Русский Журнал / Обзоры /
www.russ.ru/culture/20021003_ma.html

"А мне оставь хотя бы боль!.."
Послеюбилейные размышления

Вера Максимова

Дата публикации:  3 Октября 2002

Вся прошлая неделя, казалось, прошла в юбилейных торжествах. Хотя не вся, всего лишь ее начало, так что действительно - казалось. Но слишком велика была плотность юбилейных торжеств и слишком авторитетными, если можно так сказать, юбиляры и даты. "Раздел" юбилея Ефремова - конечно, меньше, чем раздел театра. И все-таки, когда сами торжественные и праздничные вечера позади, есть смысл и время разложить впечатления по полочкам, рассортировать впечатления. Тем более, что в ближайшее время таких юбилеев не предвидится.

***

Праздничный день в "Современнике" начался утром. Как бывает в семейных, чтящих ритуал домах. К двенадцати часам отворились двери, и с Чистопрудного бульвара в величайшем порядке, без шума и толчеи, в вестибюль и в фойе вошла толпа... Театральные люди, приглашенные гости, актеры созданного Ефремовым сорок шесть лет назад театра, - потонули, растворились среди массы "людей - просто". Упрямо следующая своей идее "театра для людей", Галина Волчек отменила доклады, спичи и сетования, сказала несколько взволнованно - радостных, а не печальных слов. Зазвучала музыка - арфа, скрипка, рояль, Моцарт, Чайковский, Бетховен и - Юбилейная выставка открылась. Верно и не без риска задуманная. Почти вся черно - белая, аскетически сосредоточенная. Вся - из портретов Ефремова (большая часть фотографий - Игоря Александрова) с одним цветным, пожалуй, самым страшным, так ощутима в нем натужная искусственная веселость, так велика изношенность в знакомых чертах, замышленного природой на долгий срок театростроителя Ефремова.

"75 ракурсов" (название выставки), - лиц, ликов в жизни и ролях, начиная с первой детской фотографии. Понятные без пояснений и надписей фотографии слагаются в мощная волну жизни, многозвучную и многоликую оду - от радости начала к трагедии конца.

Силой известных обстоятельств разорванное на две половины празднование семидесятипятилетия Олега Ефремова сначала - в "Современнике", потом в табаковском МХАТе - получилось разным.
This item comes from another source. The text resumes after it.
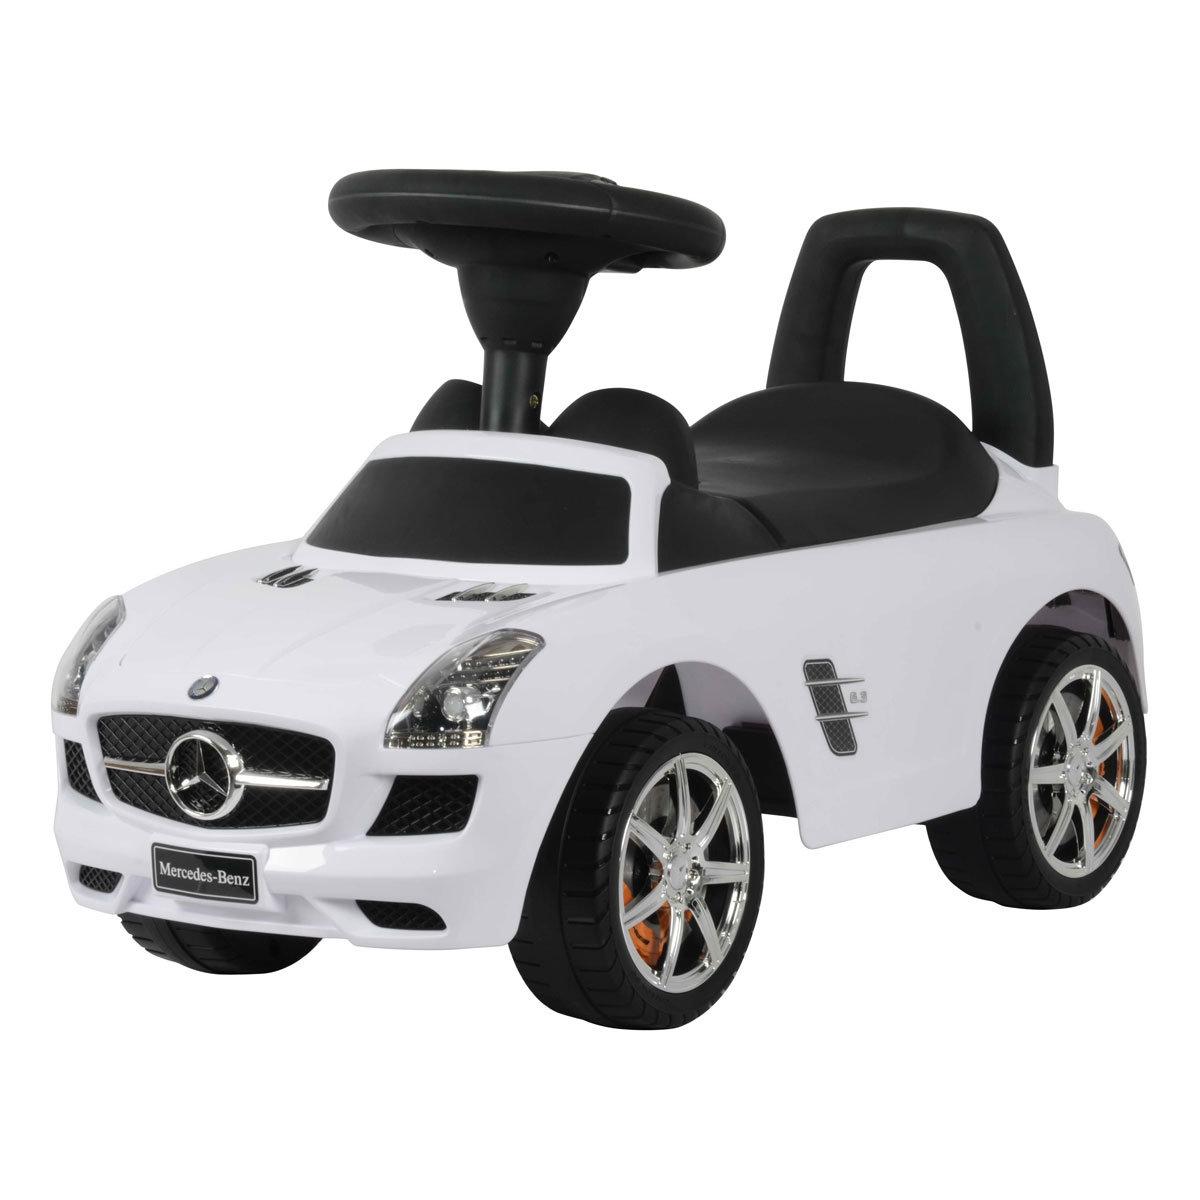 Paspiriamas vaikiškas automobilis Mercedes-Benz SLS Buddy Toys
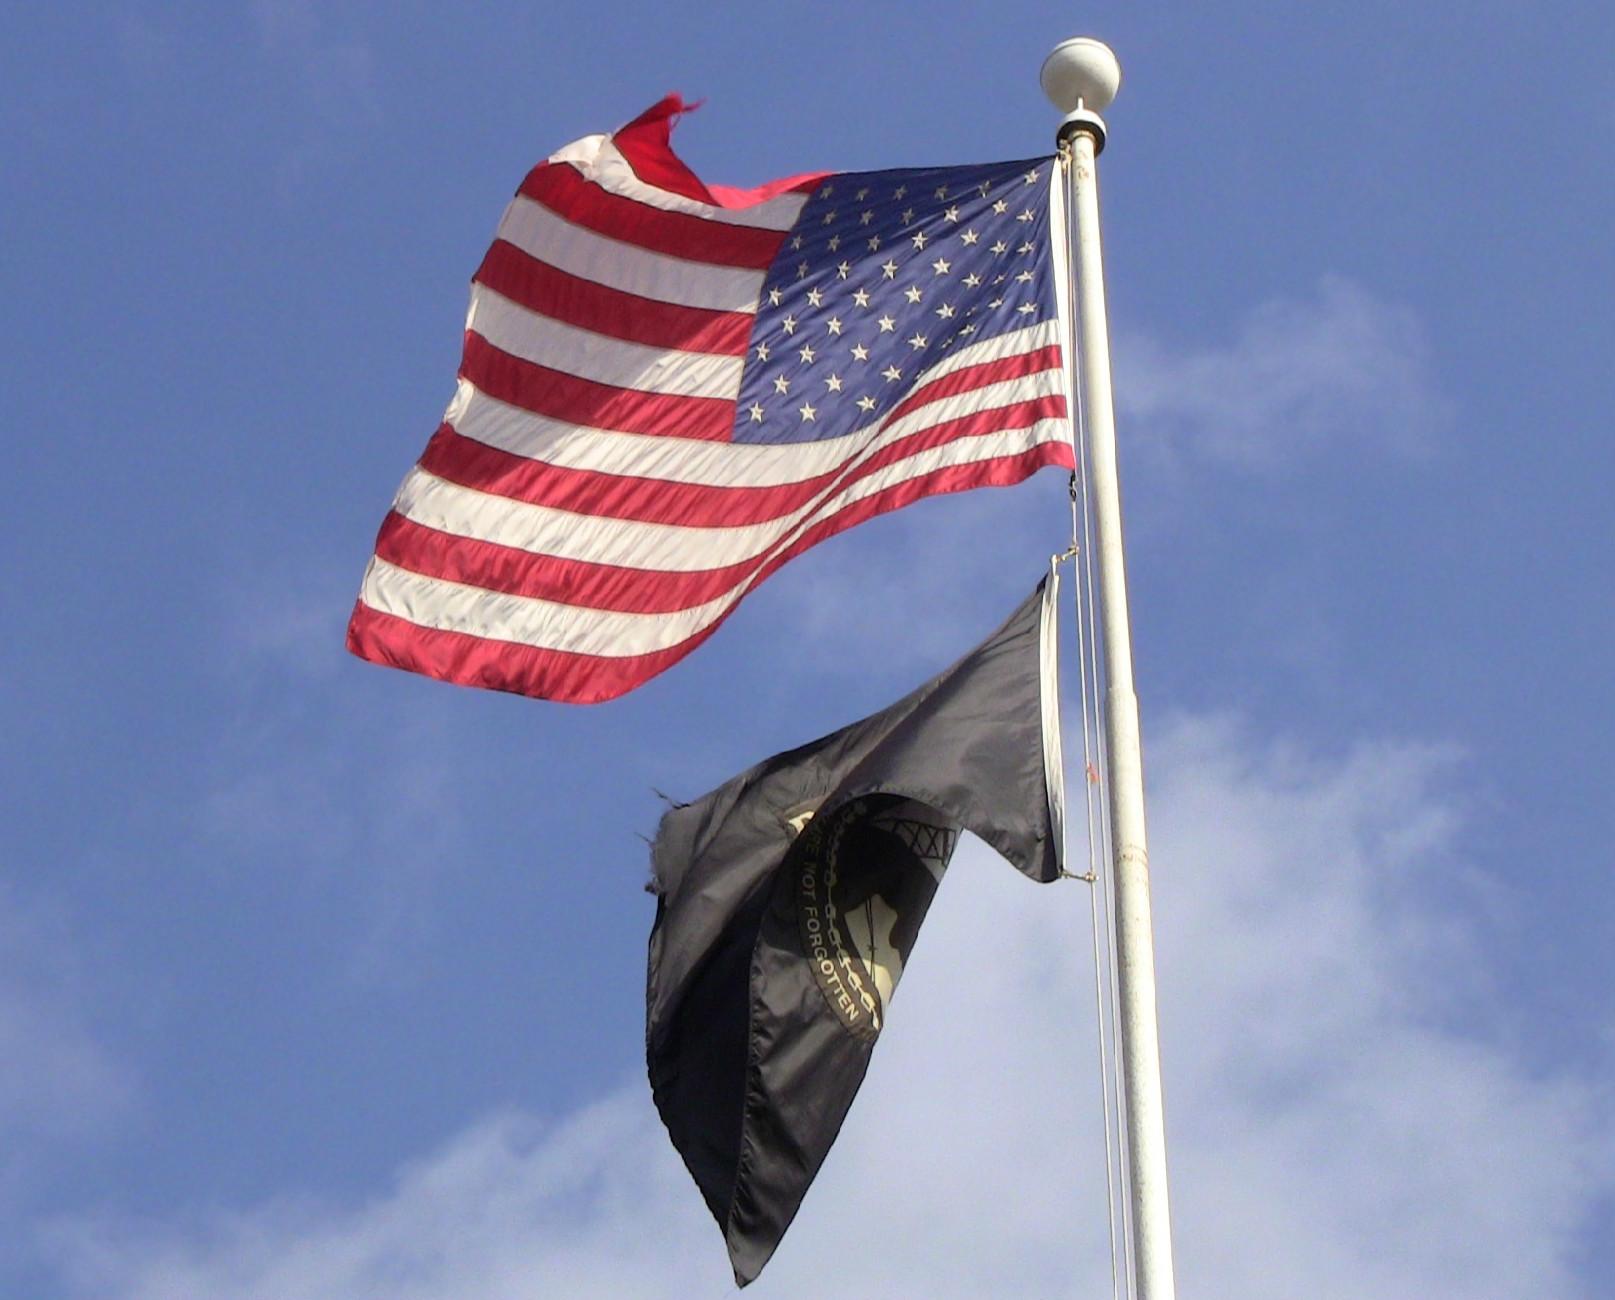 0ba941c01982627b350f_US_and_POW-MIA_flags_in_Fanwood.jpg

В "Современнике" - отмечали день рождения с музыкой, пением, чтением стихов, то есть подарками - от очень близких, хоть и знаменитых, - сына Михаила Ефремова, теперь до наваждения на отца похожего (даже голос - тот самый); от первооснователей "Современника", которых осталось только трое - Галина Волчек, Игорь Кваша, Лилия Толмачева; от соратника по многолетней борьбе, старейшины нашей сцены, прервавшего ради Олега подготовку к собственному юбилею - Юрия Петровича Любимова; от Елены Камбуровой, Юлия Кима, Владимира Дашкевича, песни которых Олег любил; от Аллы Пугачевой, более чем всегда неистовой и отчаянной в этот вечер.

Не слишком срепетированные и подогнанные друг к другу, не гладко, а шероховато соединялись, соотносились, давали живое ощущение Ефремова, наваждение, видение его: cтих Высоцкого к пятидесятилетию режиссера, который прочитал - прокричал Ефремов - сын: "Мы пара тварей с Ноева ковчега... Мы из породы битых, но живучих..."; и любимая Олегом Николаевичем пушкинская "Осень" - "Октябрь уж наступил..." в чеканном и патетическом исполнении друга мхатовской и современниковской юности - Игоря Кваши; пастернаковский "Гамлет", который 85-летний Юрий Любимов читал совсем не так, как Высоцкий на сцене Таганки, - исповедально - тихо, в обретении нового смысла, а знаменитое и вечное: "Я один, все тонет в фарисействе..." - относил и к Олегу, и к себе, и к нынешним - близким по духу, и против нынешних - враждебных и чужих.

Музыки и поэзии было куда больше, чем прозы воспоминаний. Воспоминания допускались изредка, короткие, и те что были "не заношены", не заболтаны словоговорением. Вдруг Лиля Толмачева рассказывала о том, как сочинявший неудачные стихи ее молодой муж Олег принес однажды пастернаковское и выдал за свое. А она восторженно потребовала, чтобы Ефремов немедленно оставил театр и занялся поэзией, потому что он - "поэтический гений".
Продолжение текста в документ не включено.